The neutrino is a pesky critter: nearly impossible to detect and changing flavor at the drop of a hat. Enrico Fermi and Bruno Pontecorvo were the first to realize that neutrinos must exist (based on conservation of spin), but it was to be a long time from those first conjectures to the first definitive detection of a neutrino. There are actually three flavors of neutrino (corresponding to the three leptons: electrons, muons, and tau particles), plus their anti-neutrino counterparts. It turns out that any given neutrino detection experiment can’t just detect any neutrino: if you are looking for a muon neutrino and an electon neutrino happens by, you won’t see it. In fact, you won’t see many muon neutrinos either, because their chance of interacting with matter is about the same as your chance of winning the lottery 3 times in a row. Neutrinos that formed shortly after the big bang are mostly still zipping through space, completely unaware that anything exists in the universe.

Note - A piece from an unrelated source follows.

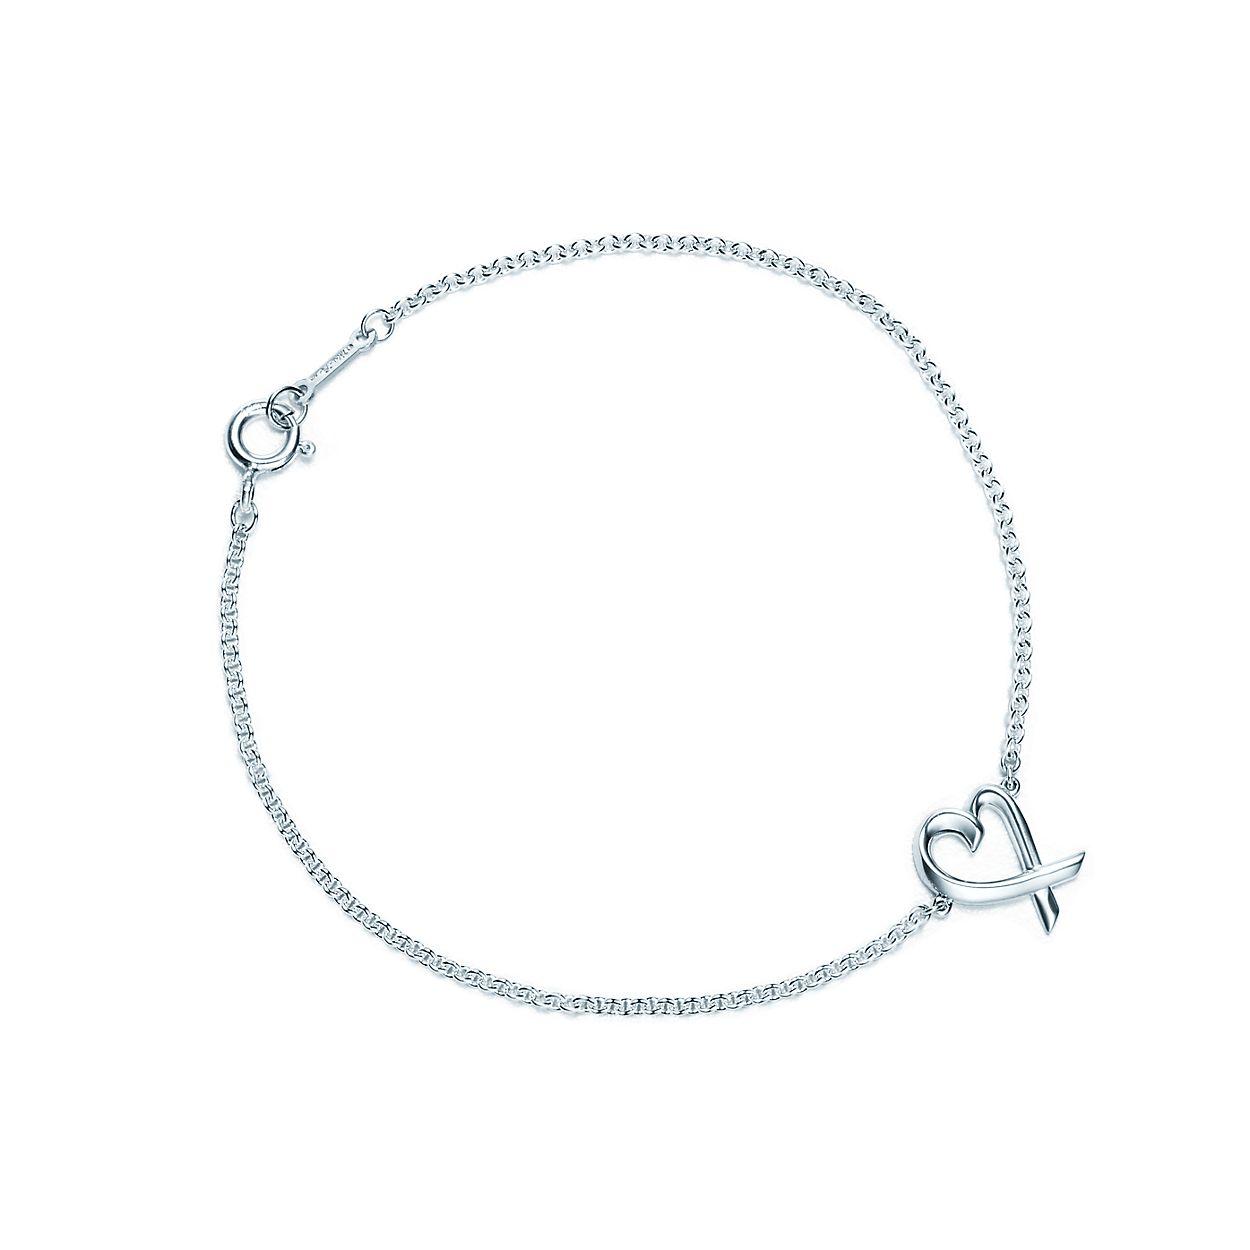 Paloma Pico Loving Heart Bracelet
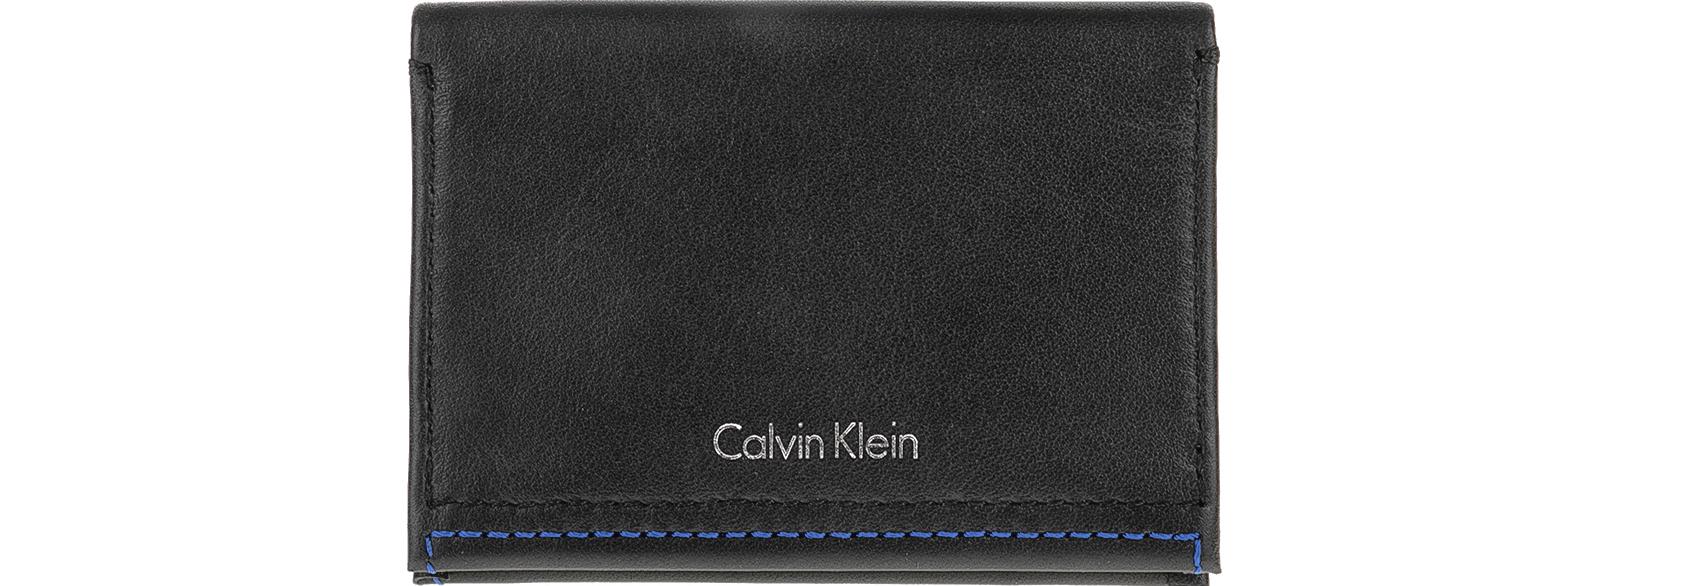 CALVIN KLEIN JEANS - Θήκη καρτών Calvin Klein Jeans μαύρη

Making things more difficult for the experimenter is that neutrinos change flavor in flight: solar electon neutrinos spontaneously become muon neutrinos on their journey, and change back with a now known frequency, resulting in 2/3 fewer electron neutrinos reaching the earth than were predicted.

Frank Close does a good job telling this story. I would have liked to see more diagrams and maybe an equation or two, and photographs of the gigantic neutrino detectors would have been nice, but he gets the story across even without the visual aids. So, kudos.